WPD has received significant funding from Ofgem’s Low Carbon Network Fund (LCNF) to trial innovative low-carbon technologies as well as new commercial arrangements on its network:

▪   The Lincolnshire Low Carbon Hub aims to increase the amount of renewable energy that can be connected to the distribution network in the local area through wind farms and biomass power plants.

▪   Low Voltage Templates project encourages the use of domestic solar PV, heat pumps and the improvement of insulation around the house.

▪   Buildings, Renewables and Integrated Storage with Tariffs to Overcome network Limitations (BRISTOL) is looking for viable solutions to lower the stress low carbon technologies are bringing to the low-voltage distribution network.

▪   FlexDGrid: Advanced Fault Level Management in Birmingham is trialling a number of ways to overcome faults caused by the connection of low-carbon technology to electricity networks.

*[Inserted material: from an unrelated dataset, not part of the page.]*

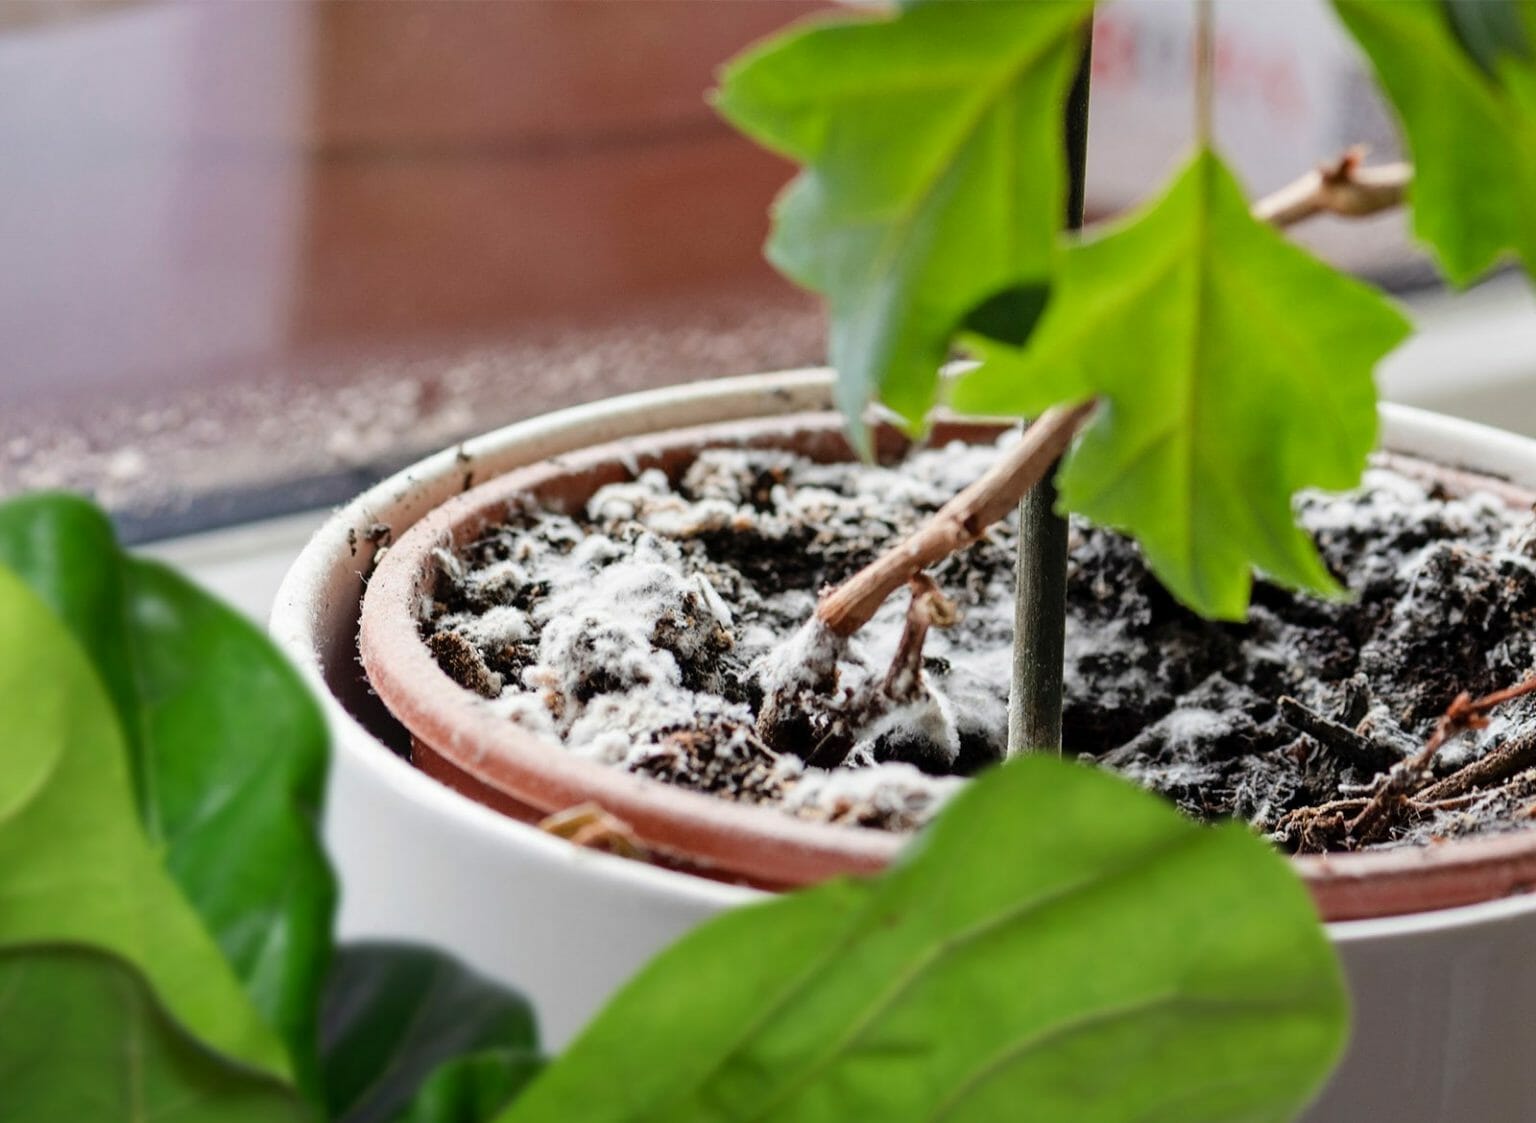 How To Get Rid Of Mold On Top Of Plant Soil Grow Your Yard

Of its Low Carbon Network Fund projects, WPD’s Flexible Approaches for Low Carbon Optimised Networks (FALCON) is the only one to incorporate demand response trials to date.

The FALCON project

The FALCON project began in 2012 and will operate for another two years. Awarded £13m from the LCNF, the programme aims to control the distribution of electricity to increase capacity on the 11kV network around the Milton Keynes area.  FALCON will test six different alternatives to coping with electricity demand across 200 substations, four of which are based around engineering approaches, with the remaining two approaches related to commercial techniques.

Engineering approaches:

▪   Dynamic calculation and utilisation of 11kV asset ratings to free up unused capacity

▪   Automated load transfer between 11kV feeders within primary substations to increase available capacity

▪   Creation of an interconnected meshed 11kV network in suburban and rural areas in order to maximise capacity

▪   Implementation of new battery technologies

Commercial approaches or demand response:

▪   Control of distributed generation to increase capacity on the 11kV network using new commercial techniques

▪   Control of customer demand to increase capacity on the 11kV network using new commercial techniques

The commercial approaches test different types of consumer responses to incentives to reduce their electricity consumption. Demand Response refers to when a company cuts back on its consumption to avoid peak time charges, or utilises embedded generation, which then awards participants for cutting back their consumption in response to a signal from WPD’s control centre.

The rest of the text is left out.